Cara went red and looked away. ‘Well, I can’t actually remember. We haven’t done it yet. But I think it was something we did in school chemistry, to do with reactions trying to maintain the status quo.’

‘Now you’re talking. I like The Quo – you can’t beat the golden oldies. I didn’t have you down for a headbanger. Just shows you never can tell,’ Sam said. ‘You come round to my place, we’ll have a drink and listen to some music. Think I’ve got one of their CDs in the car, I’ll go and get it.’ He climbed back into his own garden.

‘That’s the lamest chat up line I’ve ever heard. You’re an idiot, you know that?’ Cara called to him, pulling on a t-shirt and a pair of shorts. ‘You need to get out more, let’s go somewhere else for that drink. Hang on, I’m coming round – the civilised way’. She disappeared indoors.

Sam led Cara into his garden. ‘Come and help me put this away, before we go, it’s caning my electricity. I must owe them a fortune.’ He unplugged the Cloudzapper from the extension socket and they wheeled it into the shed.
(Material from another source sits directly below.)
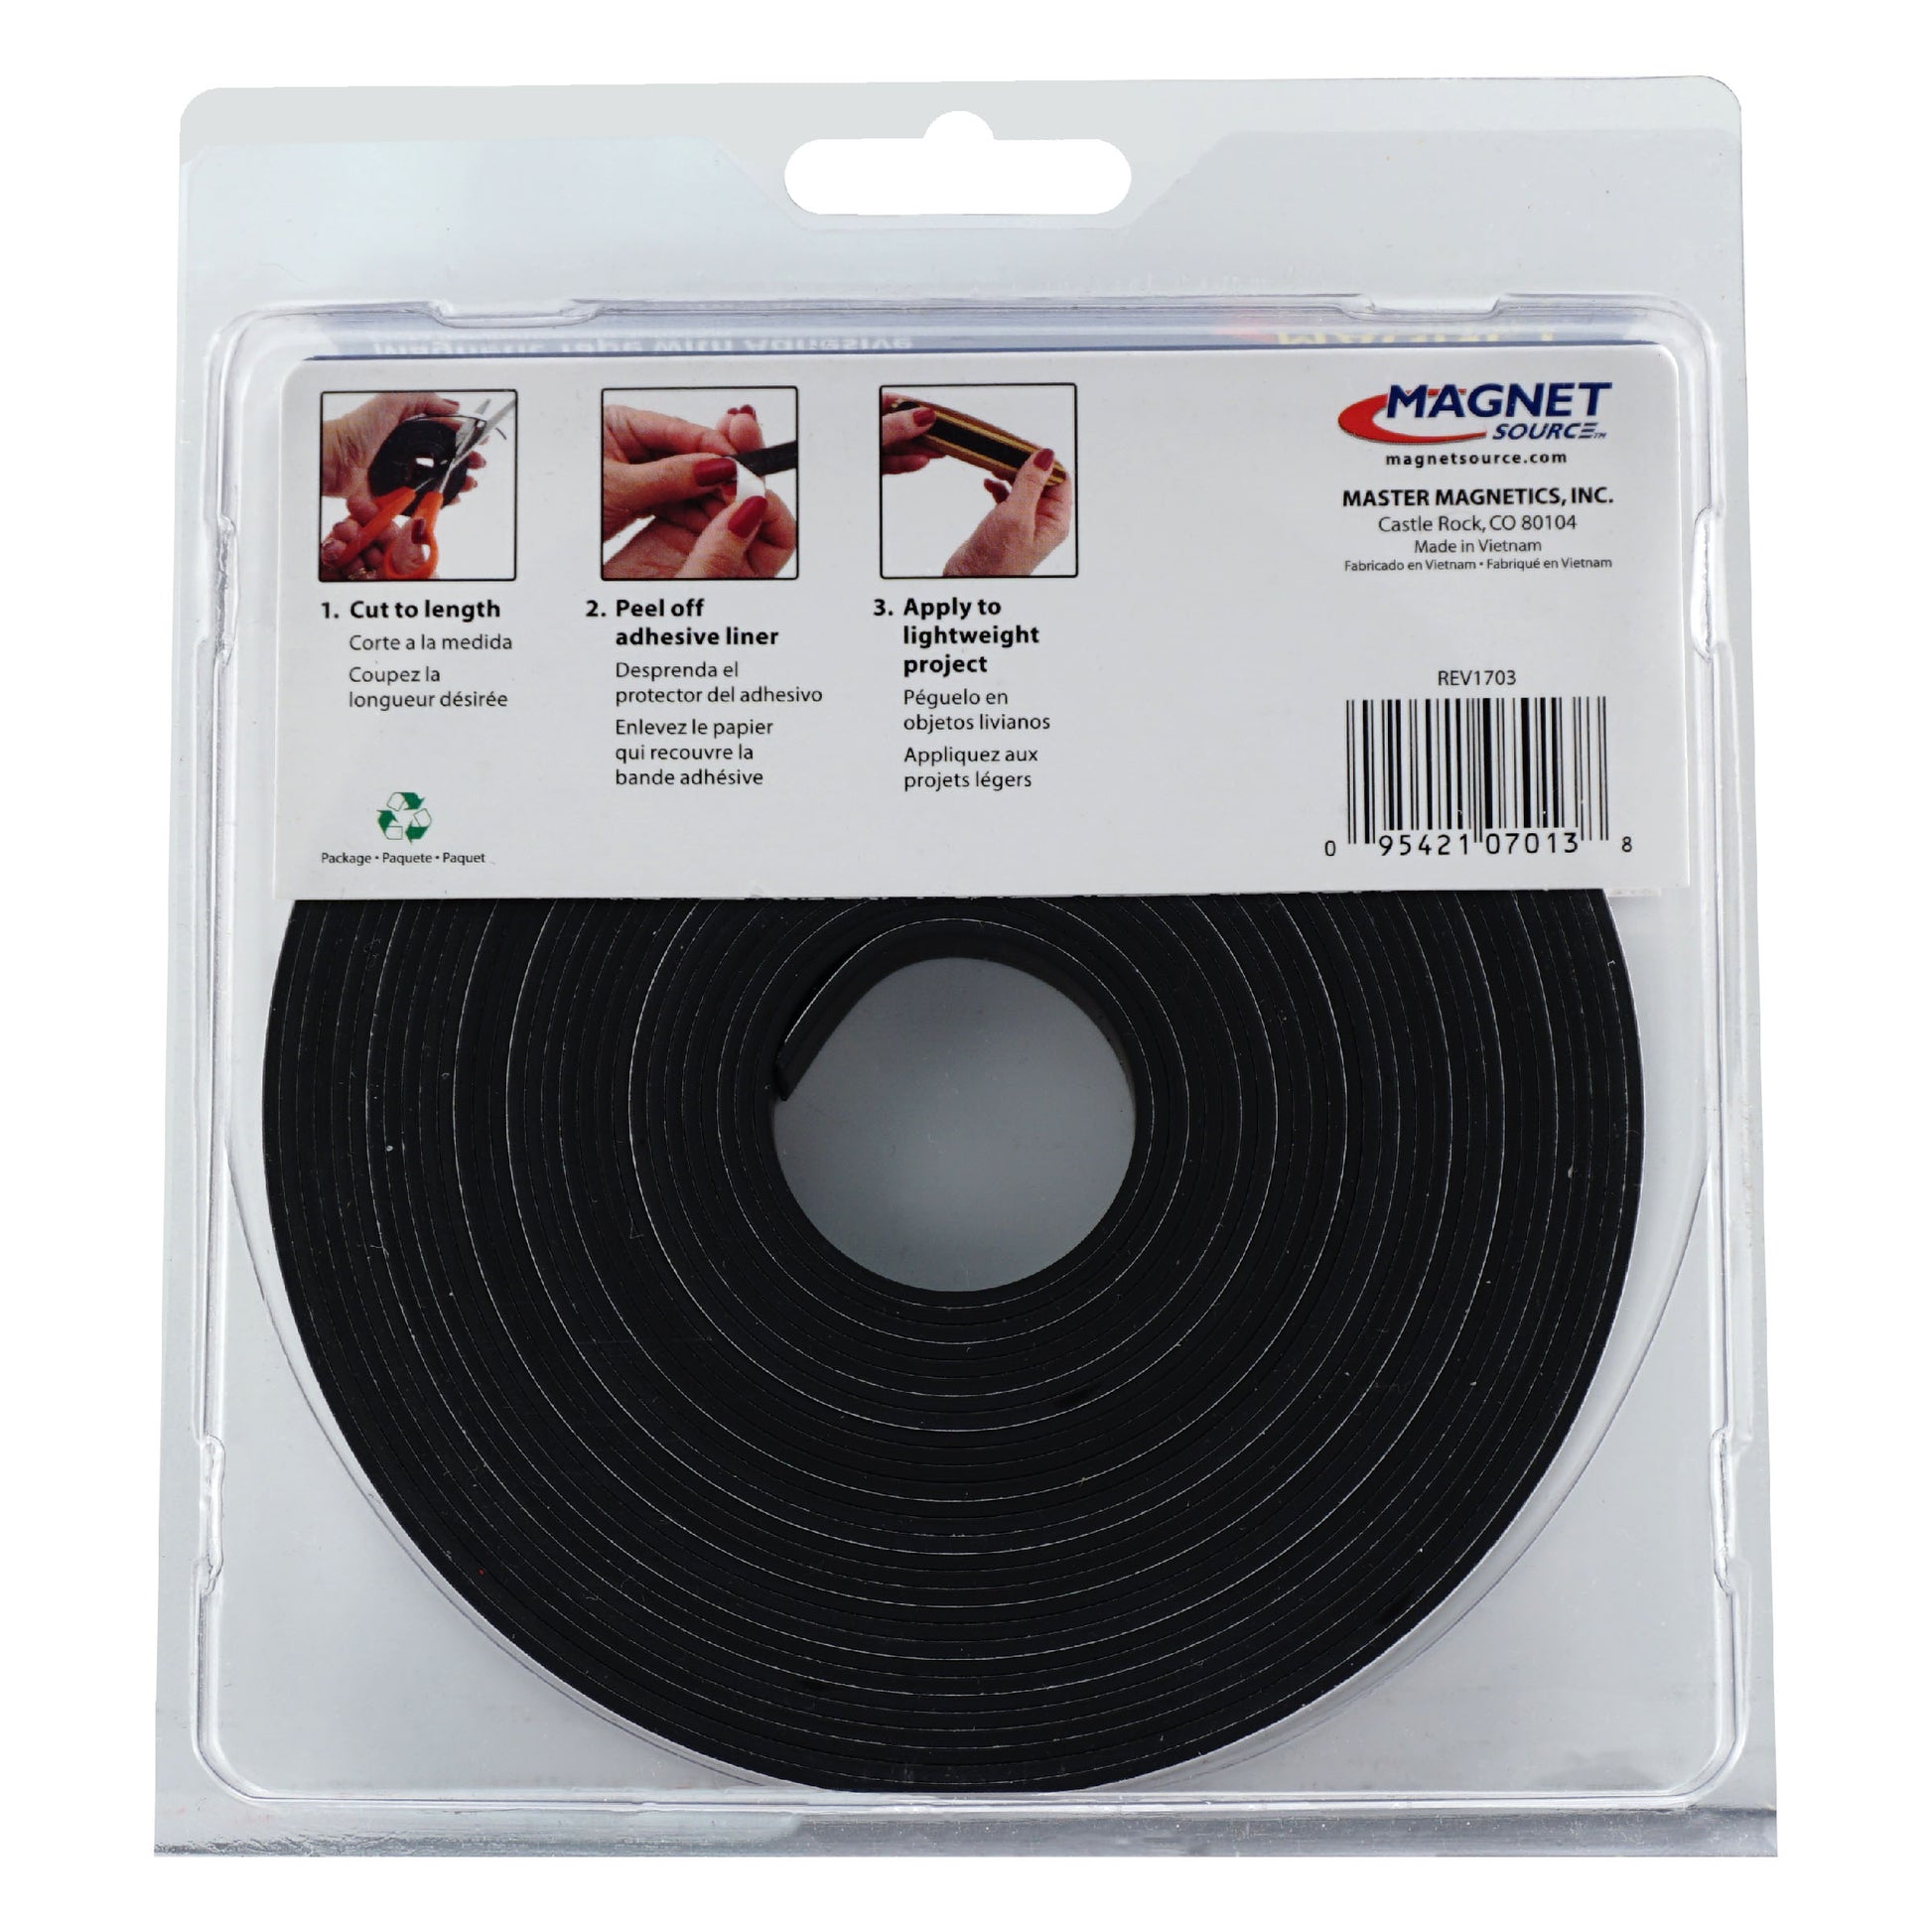 Load image into Gallery viewer, 07013 Flexible Magnetic Strip with Adhesive - Back of Packaging

Within minutes, grey clouds began massing. Cara shivered. ‘It’s getting really nippy, I’ve only got these shorts.’ She rubbed at her goosepimpled legs. ‘Maybe I should just get home.’

‘No! Don’t do that! I reckon we’re the same size, sort of – I’ll get you a pair of my jeans and a shirt. And some sandals.’

Cara looked at him, tilting her head from one side to the other. ‘Hmm, maybe. I don’t mind if they’re a bit big, though – makes me feel sort of enveloped, held, you know – like I’m being cradled by some big hunky man. But not leather sandals. Got any flip flops?’ They went into the house and Sam went upstairs.

‘The CD was up here.’ He came back in with clothes over one arm, carrying the CD in the other hand. ‘Digitally remastered! Better than those MP3s. We can listen to it while you put these on – I built a better hi-fi.’ Raindrops the size of olives blobbed against the window, lashing down the pane like glass rods.

Cara put her finger across Sam’s lips. ‘Stop wittering. And forget these. ’ She took the clothes and flung them onto the floor behind her. ‘I can think of another way of warming up.’ The CD joined the heap. ‘And we’ll be making our own music.’

Soon there was another pile of clothes. It had been a long time. They grabbed each other, their stomachs pressed together, arms and legs trying to reach round. Sam was reminded of a wildlife programme he’d once seen, showing two tortoises trying to mate. But suddenly it all seemed to fit together. Very well.

As they lay together, their breathing returning to normal, thunder crashed overhead and there was a flash in the sky.

‘I’ve heard of the earth moving,’ said Sam ‘but this is ridiculous.’

Another bright crack lit the garden up like a strobe light. Sam and Cara sat up and looked out of the window just in time to see a lightning bolt hit the end of Sam’s garden. The shed burst into flames, burning despite the driving rain.

Sam pulled his jeans on and rushed down the garden, but the heat of the fire beat him back. He stood with his hands dangling by his sides as the shed burnt to the ground. Cara came out, wearing his bathrobe. She put her arm round him and kissed his cheek.

‘Shame about your gadget. But don’t say I didn’t warn you.’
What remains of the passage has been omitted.